● **PROMPT**
The line with "Toyota-Highlander-Finance-Special" marks the first line to copy, and the line with "Hot Air Balloon" marks the last. Transcribe that stretch of the data below exactly, without pictures.

● **GIVEN DATA**
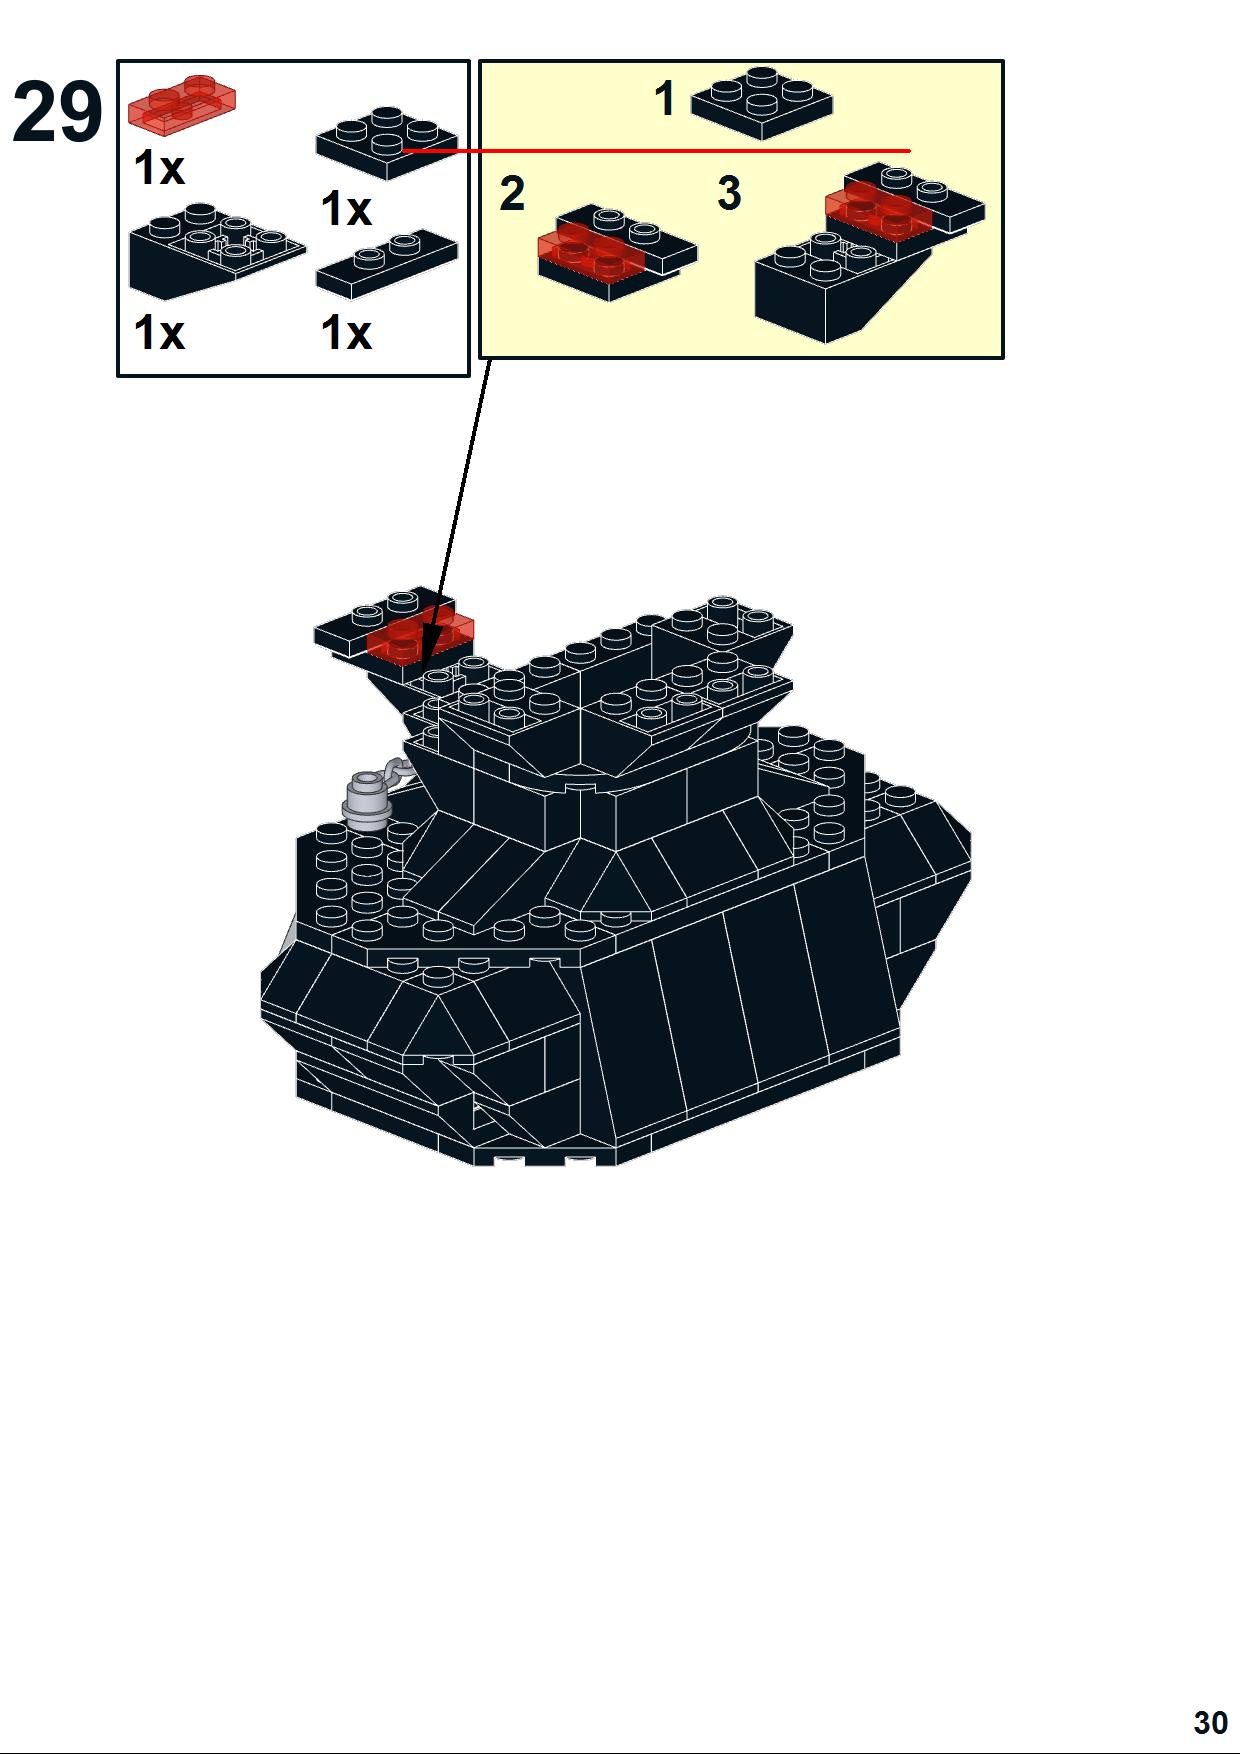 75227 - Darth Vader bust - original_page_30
==
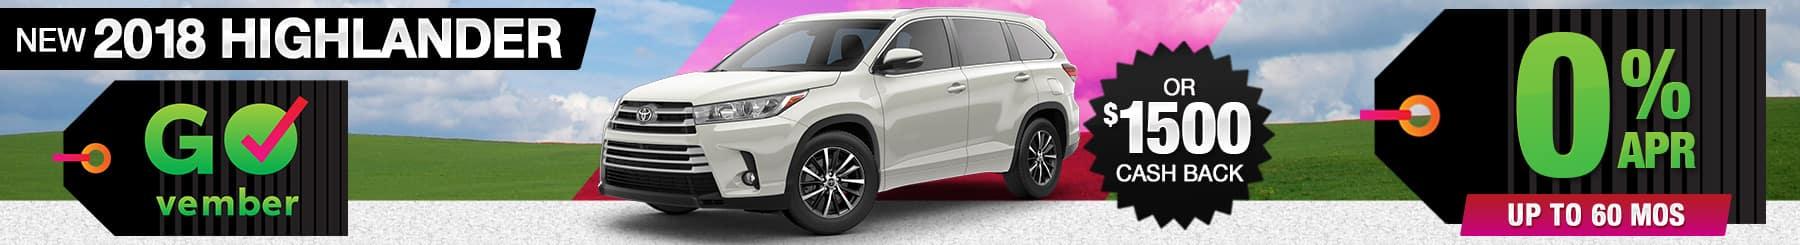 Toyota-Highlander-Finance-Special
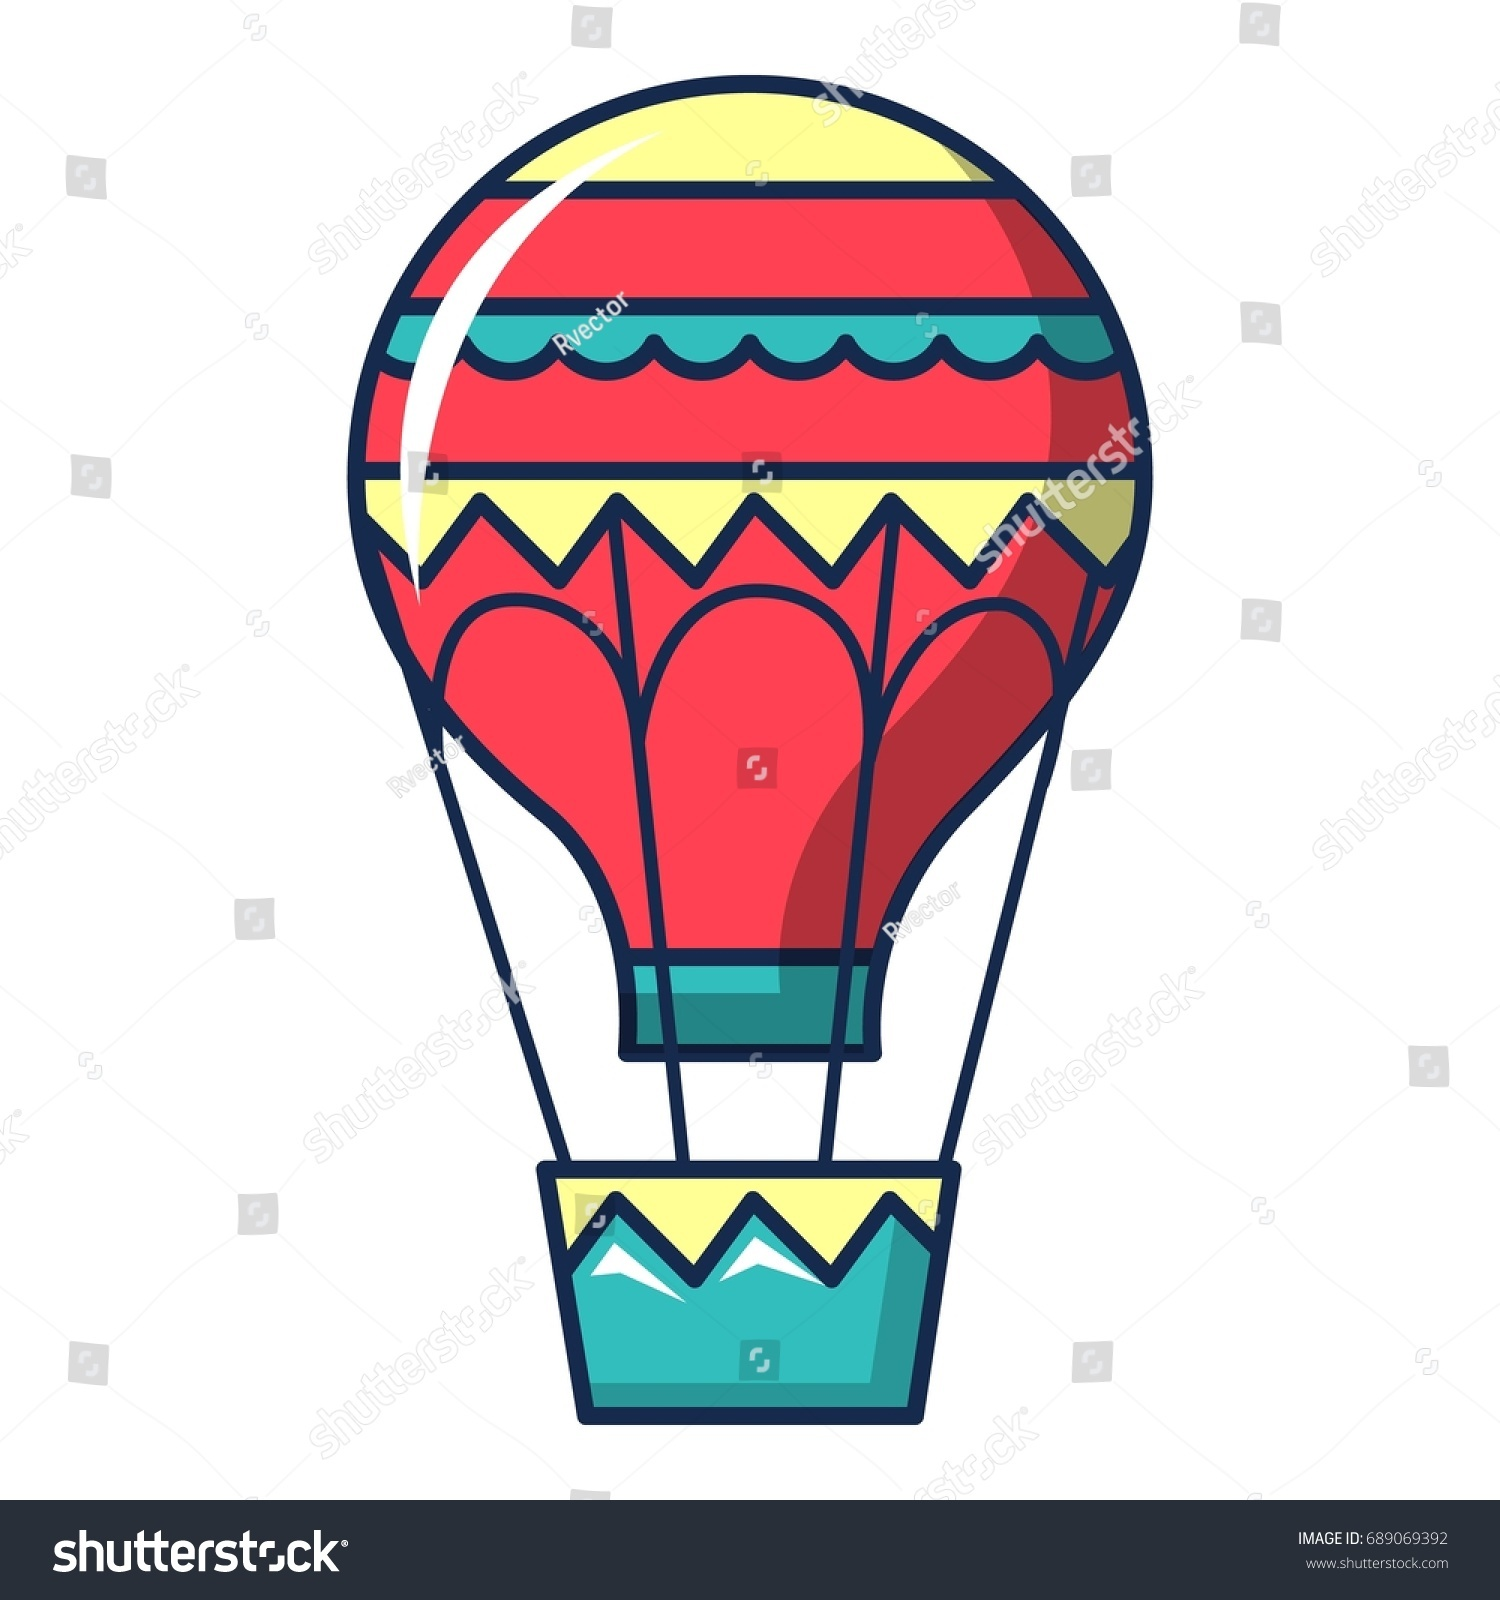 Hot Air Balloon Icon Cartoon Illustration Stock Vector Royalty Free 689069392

● **THE COMPLETED TASK**
 Toyota-Highlander-Finance-Special
 Hot Air Balloon Icon Cartoon Illustration Stock Vector Royalty Free 689069392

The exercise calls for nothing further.